Why use headless mode in Selenium?
- Headless mode enables faster test execution by eliminating the need for UI rendering.
- It facilitates automated testing in environments without a graphical user interface (GUI).
- Running tests in headless mode consumes fewer system resources.
How to set headless mode in Selenium?
Add --headless=new
in the add_argument
method before launching the browser. Here is an example code for Chrome:
from selenium.webdriver.chrome.options import Options as ChromeOptions
options = ChromeOptions()
options.add_argument("--headless=new")
driver = webdriver.Chrome(options=options)
Why use Selenium for Web scraping?
Selenium is particularly useful for web scraping in scenarios where dynamic content and interactions are involved. Here are 10 sample use cases where Selenium might be the preferred choice:
- Automating Form Submissions: Scraping data from a website after submitting a form, such as a search query, login credentials, or any input that leads to dynamic results.
- Dealing with Pagination: Automatically navigating through multiple pages of search results or listings to collect comprehensive data sets.
- Extracting Data Behind Login Walls: Logging into a website to access and scrape data that is only available to authenticated users.

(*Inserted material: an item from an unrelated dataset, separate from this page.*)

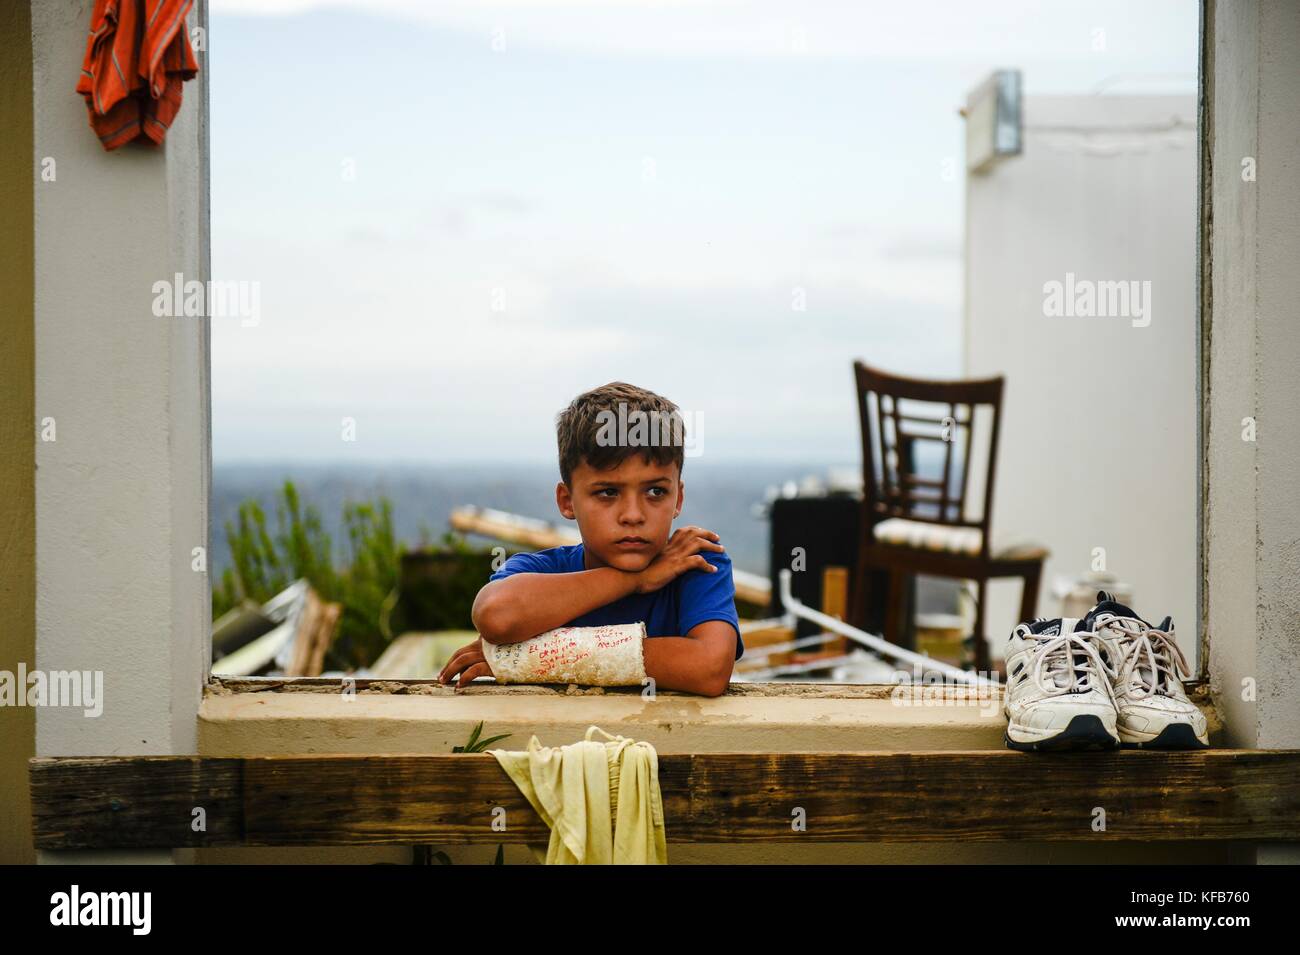 A child stands in the window of a destroyed home in the aftermath of Hurricane Maria October 12, 2017 in Utuado, Puerto Rico.   (photo by Joshua L. DeMotts via Planetpix) Stock Photo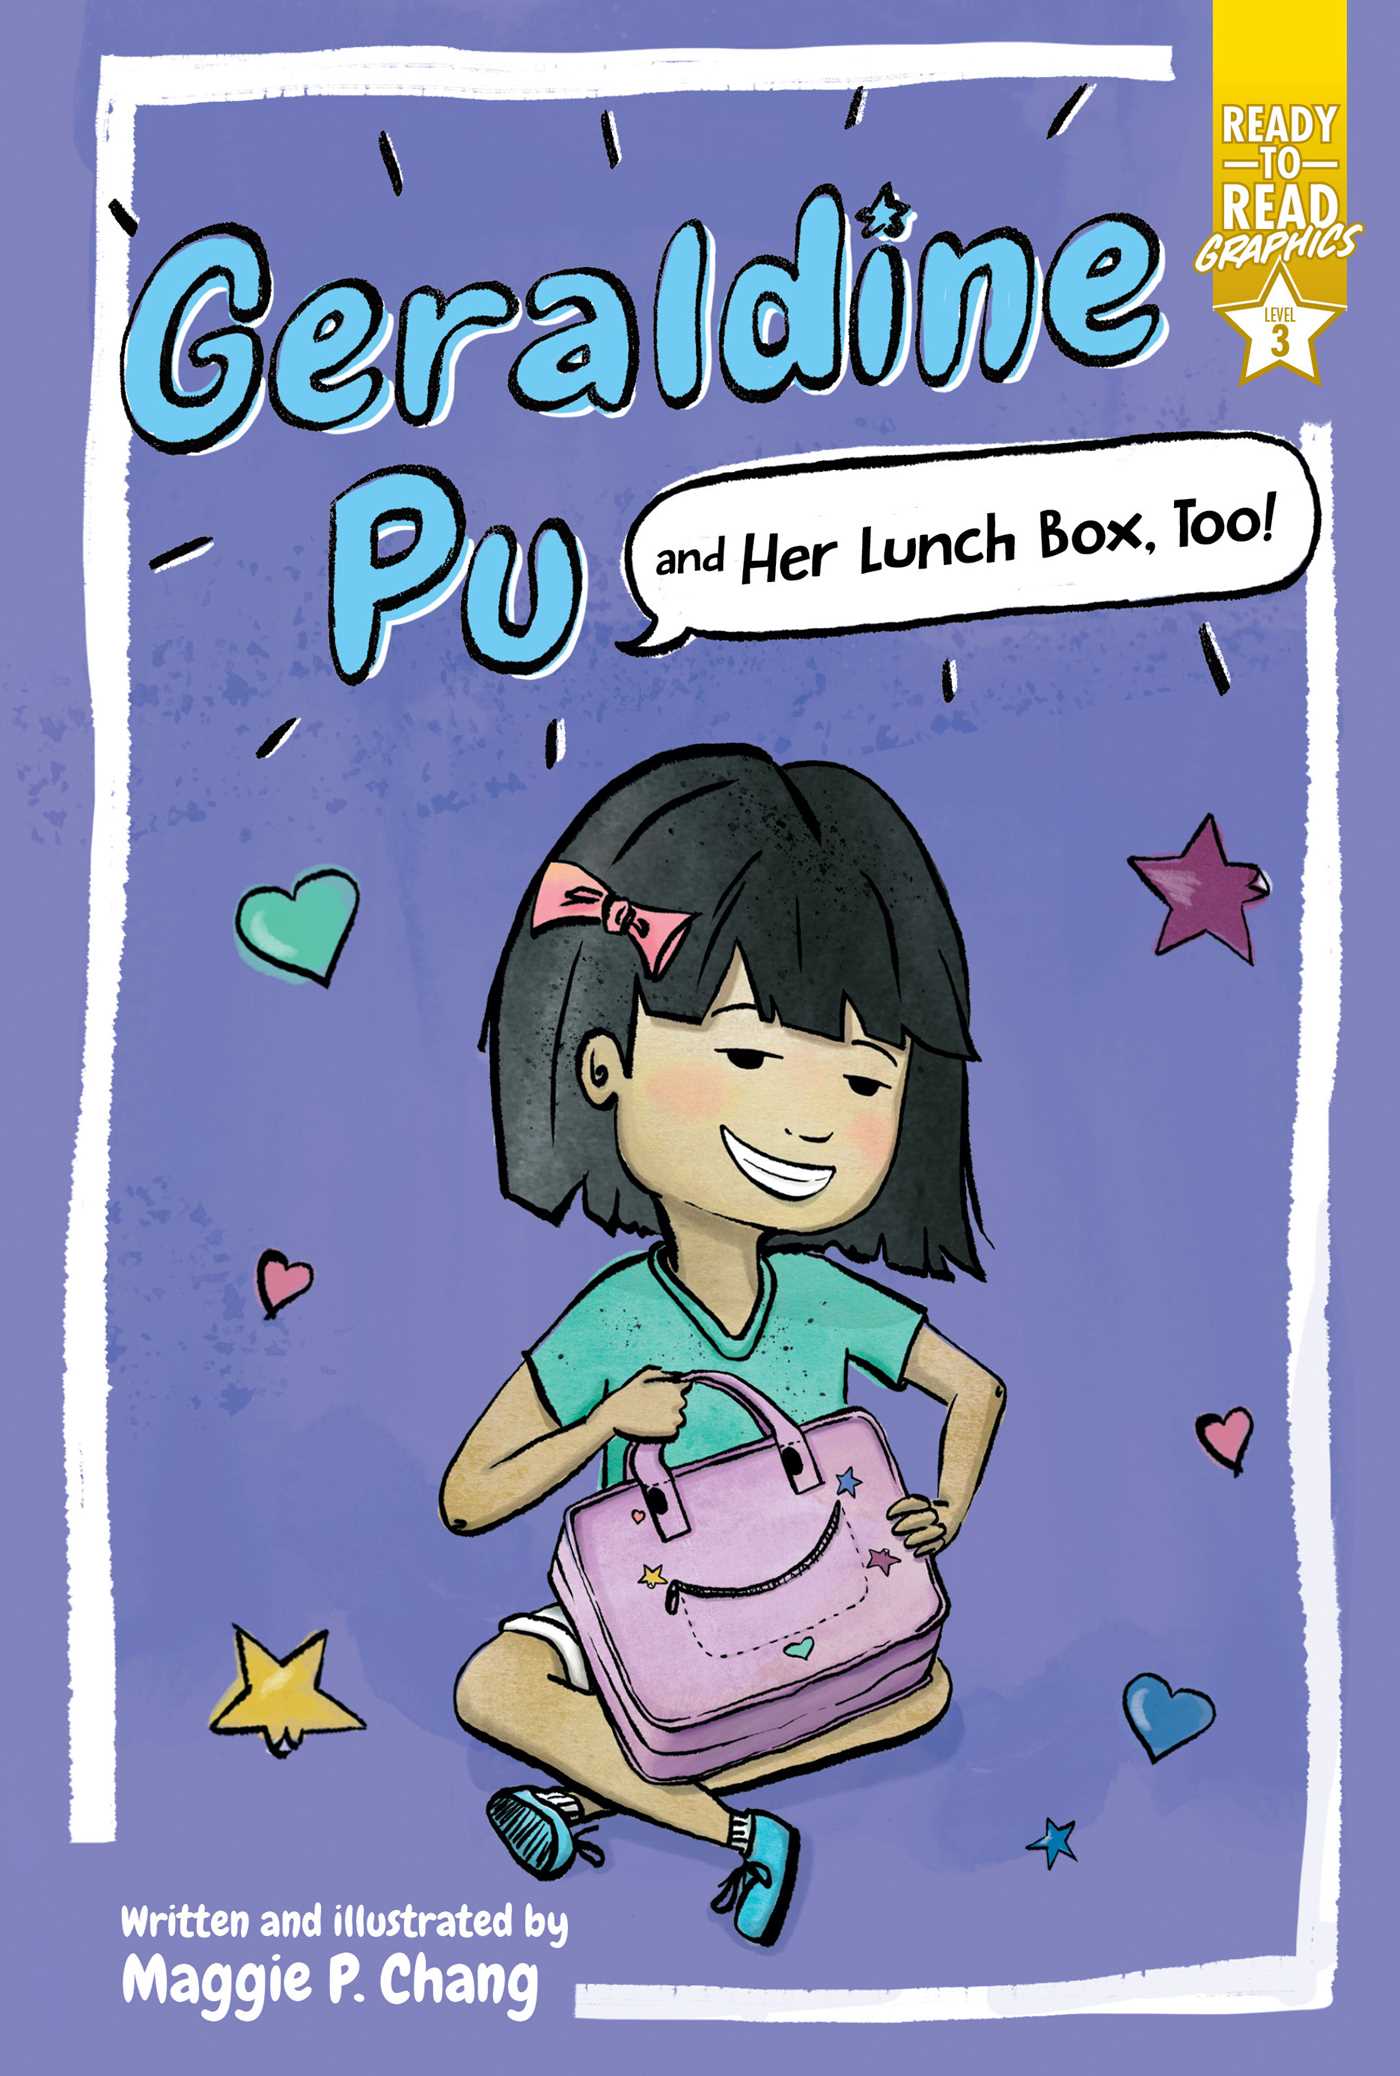 Ready-to-Read Graphics - Geraldine Pu and Her Lunch Box, Too!  | Chang, Maggie P.

- Interacting with JavaScript Elements: Managing websites that rely heavily on JavaScript to render their content, including clicking buttons or links that load more data without refreshing the page.
- Capturing Real-time Data: Collecting data that changes frequently, such as stock prices, weather forecasts, or live sports scores, requiring automation to refresh or interact with the page.
- Scraping Data from Web Applications: Extracting information from complex web applications that rely on user interactions to display data, such as dashboards with customizable charts or maps.
- Automating Browser Actions: Simulating a user's navigation through a website, including back and forward button presses, to scrape data from a user's perspective.
- Handling Pop-ups and Modal Dialogs: Interacting with pop-ups, alerts, or confirmation dialogs that need to be accepted or closed before accessing certain page content.
- Extracting Information from Dynamic Tables: Scraping data from tables that load dynamically or change based on user inputs, filters, or sorting options.
- Automated Testing of Web Applications: Although not strictly a scraping use case, Selenium's ability to automate web application interactions makes it a valuable tool for testing web applications, ensuring they work as expected under various scenarios.
What are some alternatives to Selenium?
In Python, you can try Pyppeteer, an open source program based on Javascript web scraping tool: Puppeteer.
If the website you want to scrape doesn't require interaction, you can use Beautiful Soup in Python to parse the HTML data.
That's it! I hope you enjoy reading this post!